The stadium project has generated discussions around parking availability, as limited designated stadium parking exists. The city plans to replace some nearby parking lots with park space, relying on existing public and private parking within walking distance. A 2021 study by Knox County projected positive economic benefits for the community. There has been a stated goal to award 17 percent of contracts to disadvantaged businesses, with efforts by the Knoxville Area Urban League to encourage minority participation in the project.

The stadium faces criticism from some community members who oppose the use of taxpayer funds, advocating for investment in education, safety, and infrastructure instead. Concerns were raised about the project's financial viability, potential for gentrification, and lack of community involvement.
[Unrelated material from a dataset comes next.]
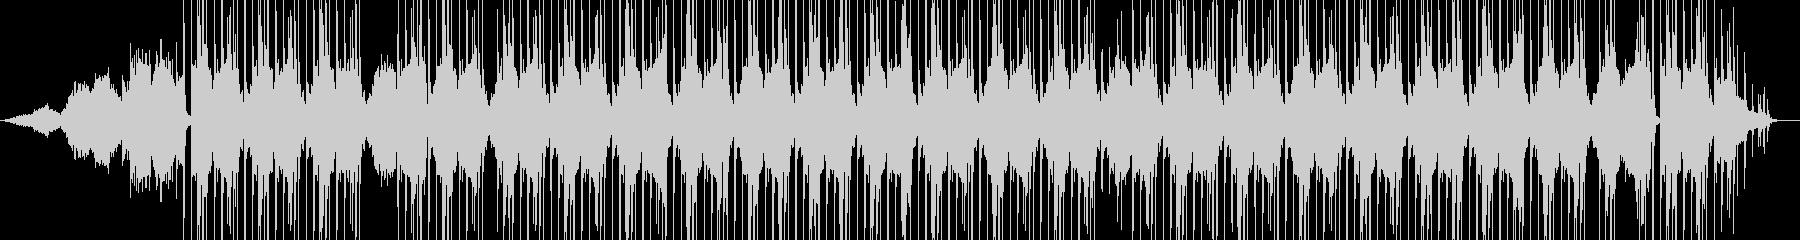 幻想系ビートの未再生の波形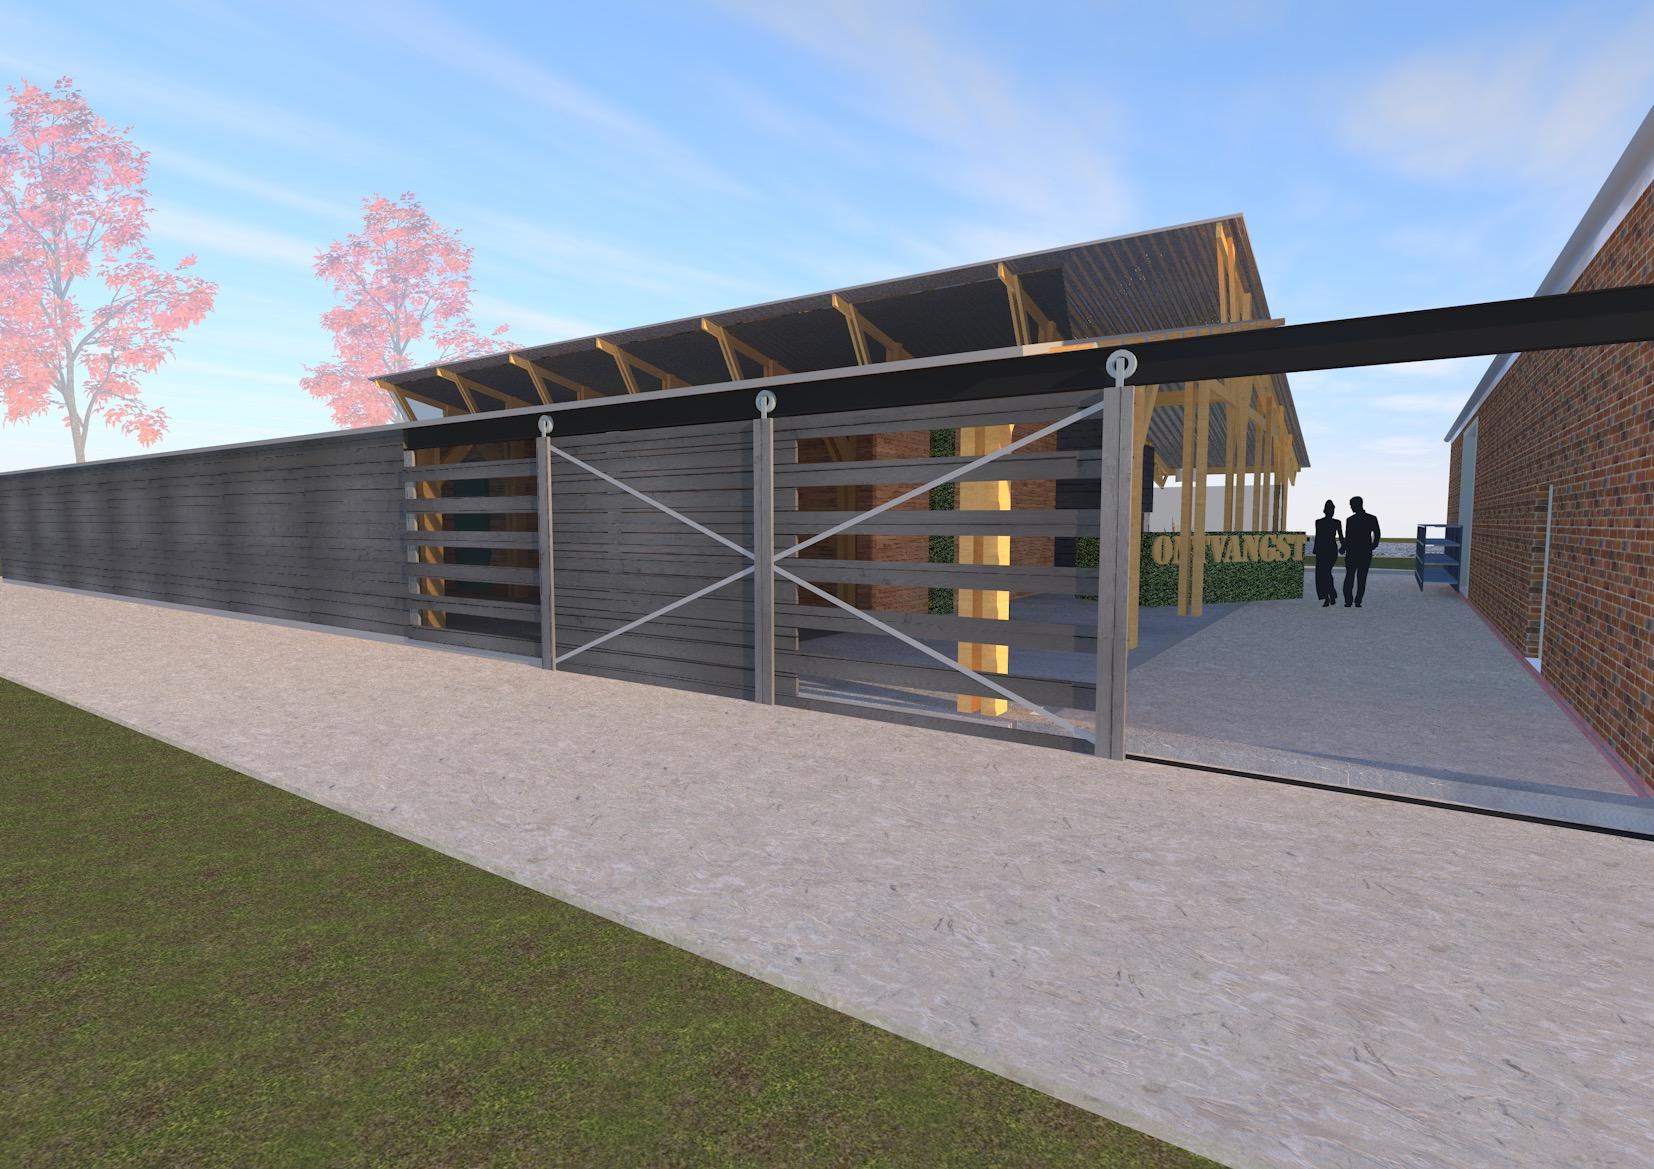 giesen transformatie herbestemming renoveren bouwen schuur ligboxenstal veldhunten Doetinchem Achterhoek houtskelet ecologische architect architectuur groen landelijk

Supporters, however, argue the stadium would bring economic revitalization to East Knoxville, serve as a community gathering space, and connect the area to downtown.

== Accessibility and transportation ==

Knoxville Area Transit (KAT) has two different ways to get to the stadium.

During Knoxville Smokies and One Knoxville SC games, KAT runs a gameday shuttle from the Market Square, Langley, and Summer Place parking garages. The shuttle is free and runs every 10 minutes.

Starting on August 25, 2025, KAT added a Route 1: Downtown Connector spot that stops right next to Covenant Health Park and Old City. Route 1 services all of Downtown Knoxville.